As to making immortality an intuitive dogma, there are so many objections that it is wonderful (if anything were wonderful in religious opinion) how earnest theists can so treat it. But Coleridge wrote that the doctrine of the Trinity is the sole foundation of all reasonable philosophy; so with him the doctrine of the Trinity was intuitive! Let every man, for his own guidance, give as much weight as he pleases to his private thoughts, to his conscientious convictions, his auguries of what is coming, his theological philosophy; but no one can propose his "intuitive truths" as a basis for the belief of others—that is, as a basis for science. He must show, either that mankind in enormous preponderance believes them, so that they are matters of human intuition, not merely personal; or else, that in some proportion to men's growth in intellect, wisdom, nobleness of moral character, they tend to believe them.
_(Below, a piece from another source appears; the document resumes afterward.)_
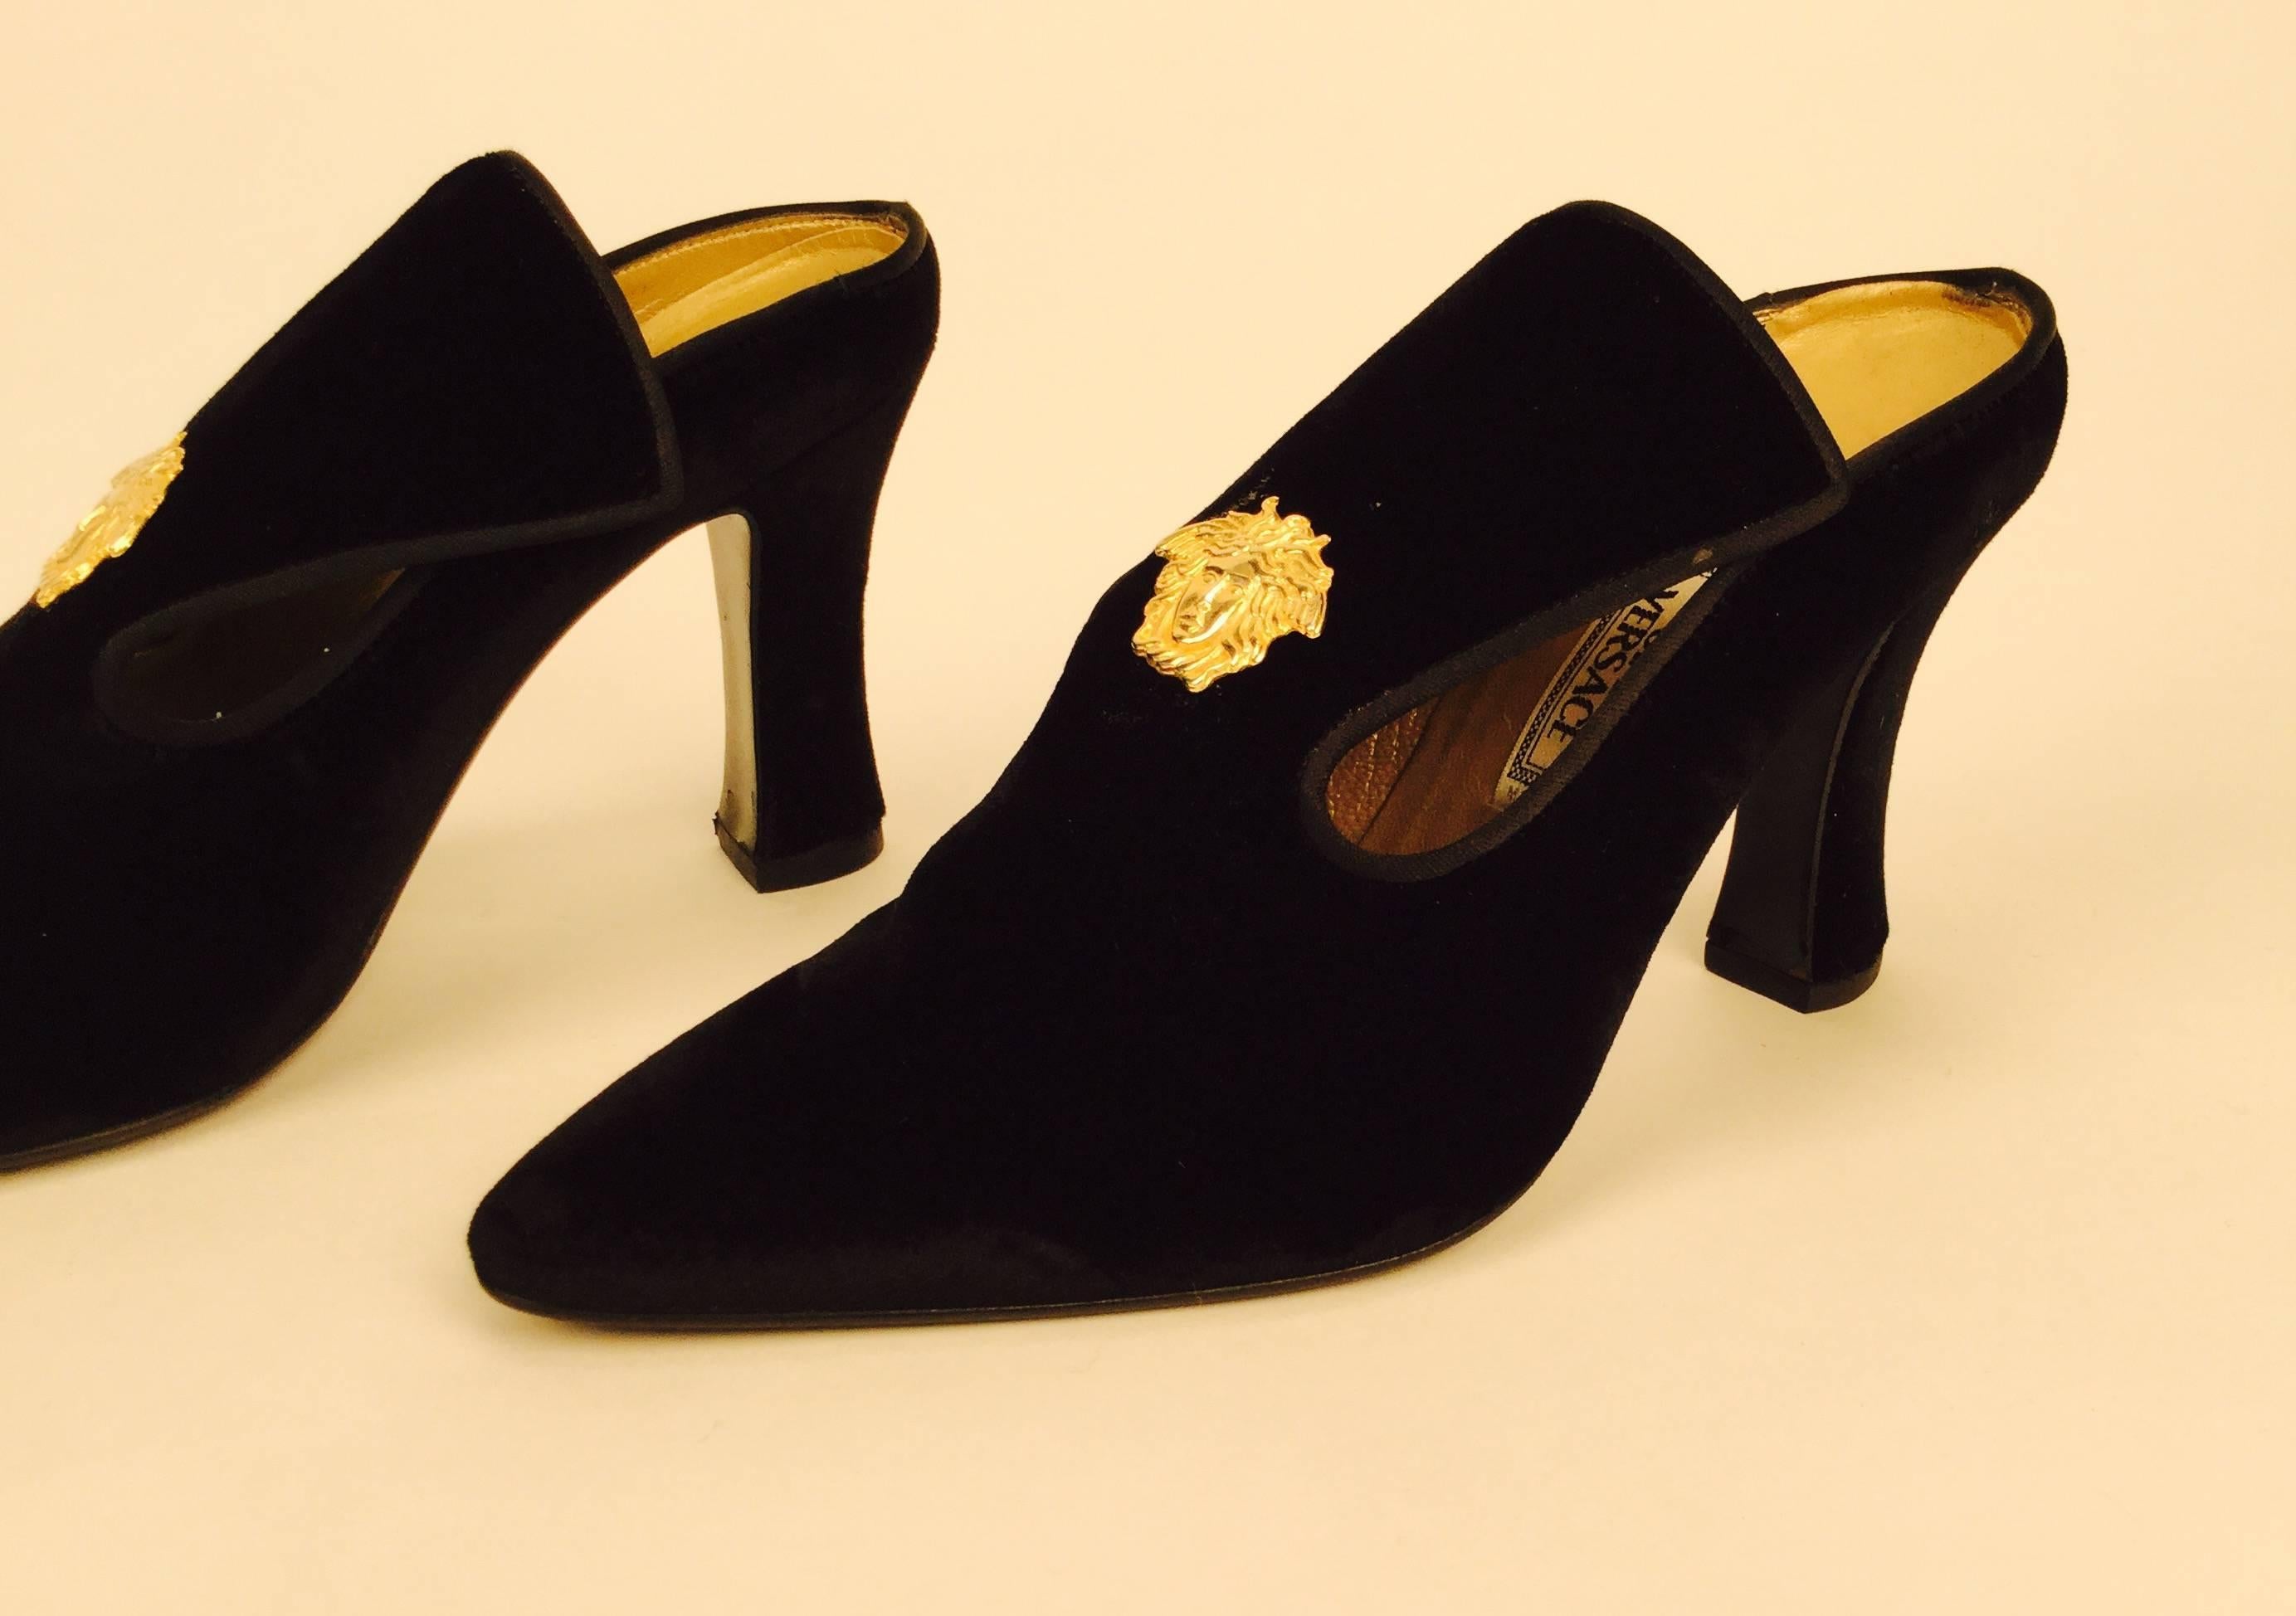 Highly coveted this early Gianni Versace high cut velvet mules from the 1980s with a curved heel is exceptionally designed and wonderfully constructed.

Inspired by the Eighteenth century, these shoes have an antique silhouette with a slightly

If Theodore Parker had been satisfied to alledge this tendency, he would have a claim

for immortality as a presumption; still, as I think, by no means as a dogma which may be simply announced as truth. Immortality has always been with me (ever since I ceased to receive the doctrine on Scriptural authority) only the final result of a chain of argument which, however I might succeed in shortening it, had several loopholes of error; nor have I ever entirely overcome an underlying suspicion that there may be an inherent contradiction (such as a German school maintains that there is) in the idea that the same individual who dies can revive. Hence, practically, I am here at a vast distance from Theodore Parker, who was able to preach the doctrine as a fact, and make it fundamental in religion. He was certainly wrong in asserting for it the rank of a truth intuitive to mankind.

But the question whether we can appeal to human intuition for a decision on this particular matter is one of detail. I desire only to bring out clearly the true doctrine of intuitive truths, or "propositions to which we assent by mere dwelling of the mind upon them."